Андрей Битов. - Человек в пейзаже

Скачать Андрей Битов. - Человек в пейзаже

      Ослепительно  светила пятнадцатисвечовая  лампочка. Семион был высокий,
на грубых шарнирах мужик,  длинное молчаливое его лицо выходило за рамку: то
челюсть, то лоб; он был  в измазанном фартуке и  пах краской. Павел Петрович
повлек его, молчаливого, вглубь под локоток,  оставив меня озираться. Погреб
был долог, тот его конец тонул в темноте. Посреди  в два ряда были вмазаны в
цемент  огромные  бочки, накрытые  тяжкими крышками. Сложный  и  могучий дух
кислоты  и  соленой сырости  (будто тут умерло  море)  не вязался с  запахом
краски, оставшимся от Семиона.

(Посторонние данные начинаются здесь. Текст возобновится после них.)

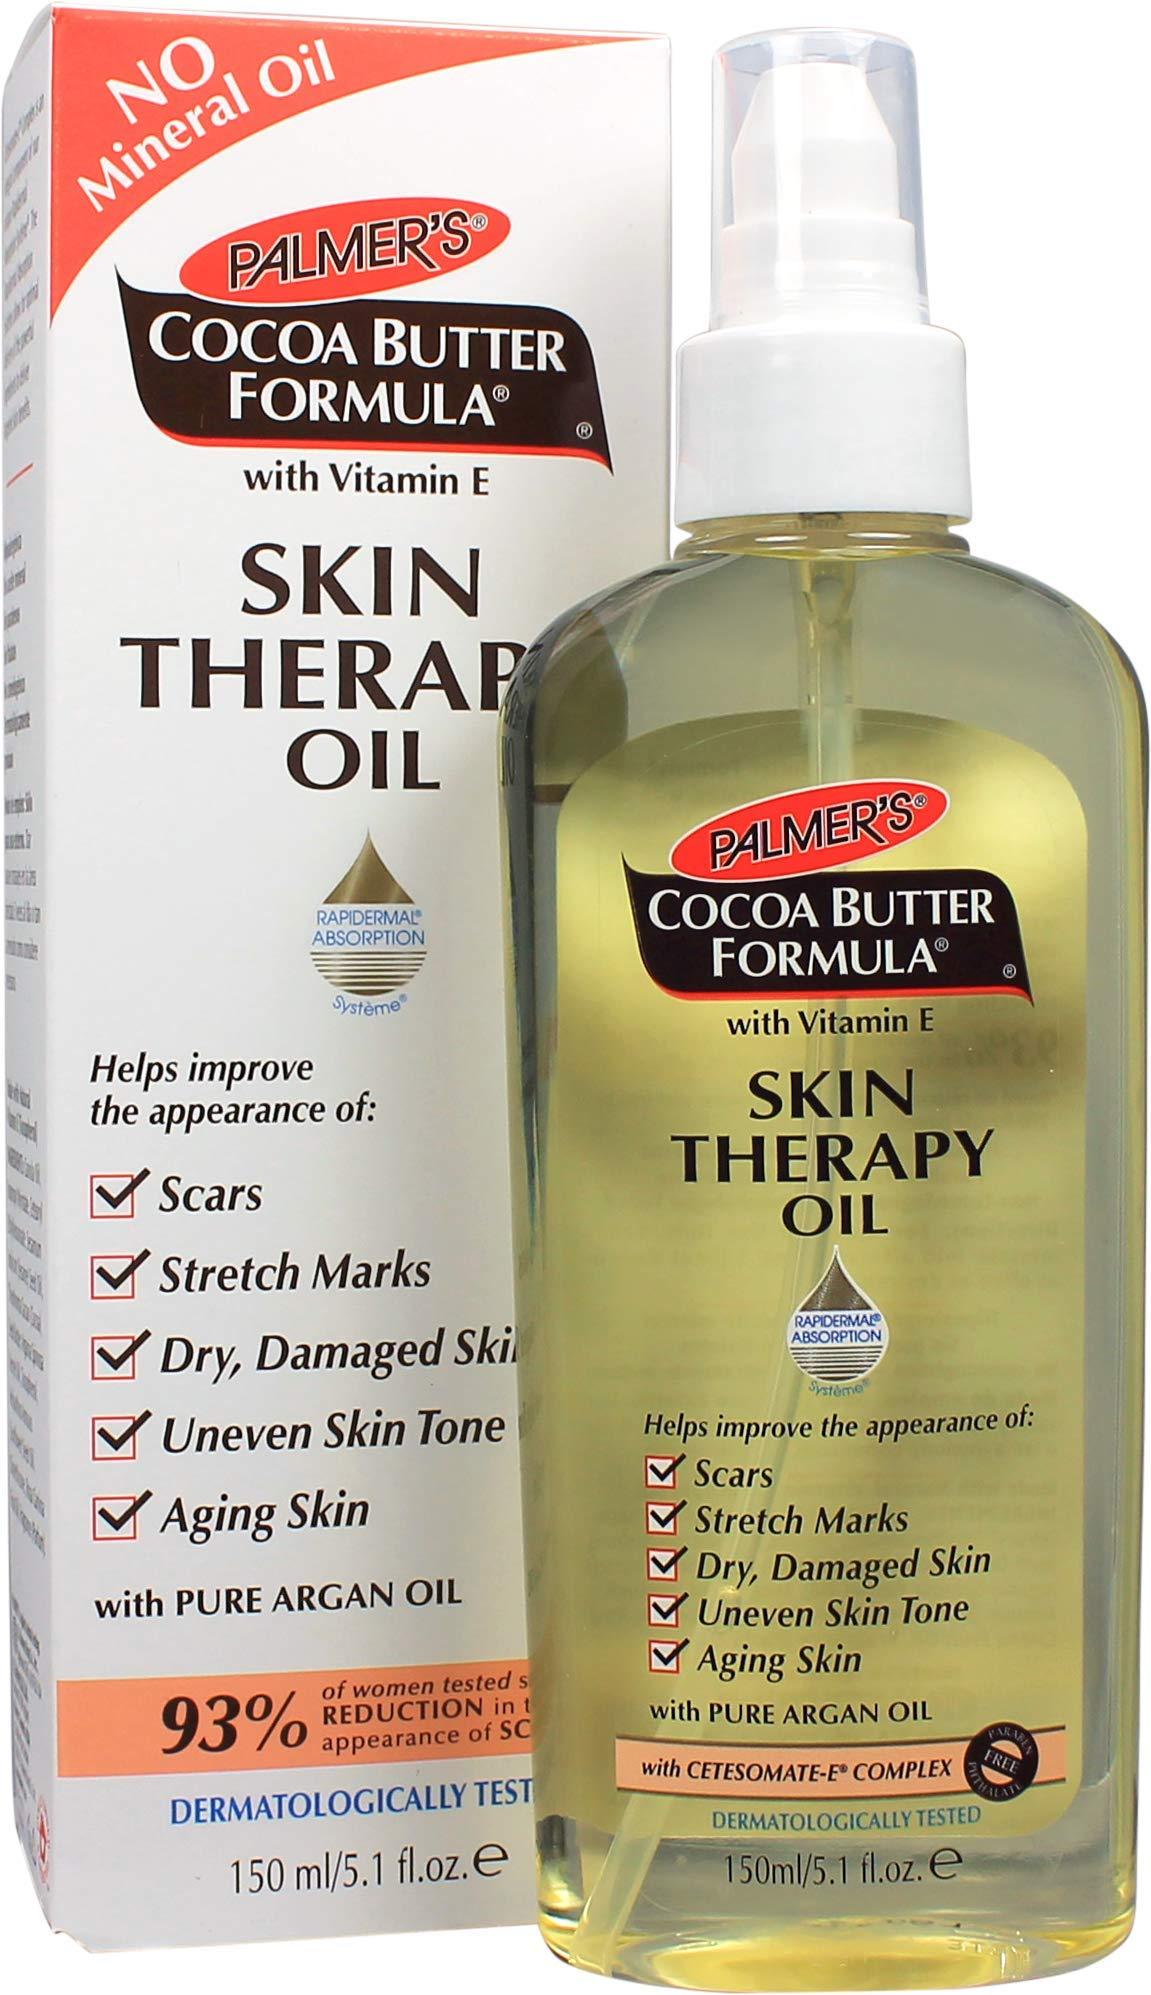 Palmer's Cocoa Butter Formula Skin Therapy Oil (Cocoa Butter Fragrance) 150ml

Они прошли еще в одну дверцу, откуда вспыхнул
и впрямь яркий свет. Семион, ярко освещенный, взглянул через  плечо на меня,
будто проверяя что-то из нашептанного  ему  Павлом Петровичем, и они оба там
скрылись.
     Долго стоял я, про меня  забыли. А может, бросили?..  Наконец я рискнул
заглянуть...  Они   обернулись   с   подозрительно  трезвыми   лицами,   как
застигнутые.  В руках у Павла Петровича  была  икона необыкновенно  свежая и
яркая, он ее как бы повертывал и  так и этак;  руки же у Семиона были заняты
иначе: в правой  -- кисточка, в  левой посверкивали  пол-литра. На верстачке
под сильной лампой в рабочем беспорядке толпились тюбики и бутылочки,  и вся
комнатка была величиной с бочку, которую мы всю и заполнили. На единственном
стуле отдельно стояла еще одна икона, оказавшаяся тем же  самым  "Спасом", с
которым мы выпивали. Как она сюда попала? Я не заметил" чтобы Павел Петрович
что-нибудь нес в руках...
     -- Узнаете? -- спросил он.
     Я кивнул. Но оказалось, не про то он спросил.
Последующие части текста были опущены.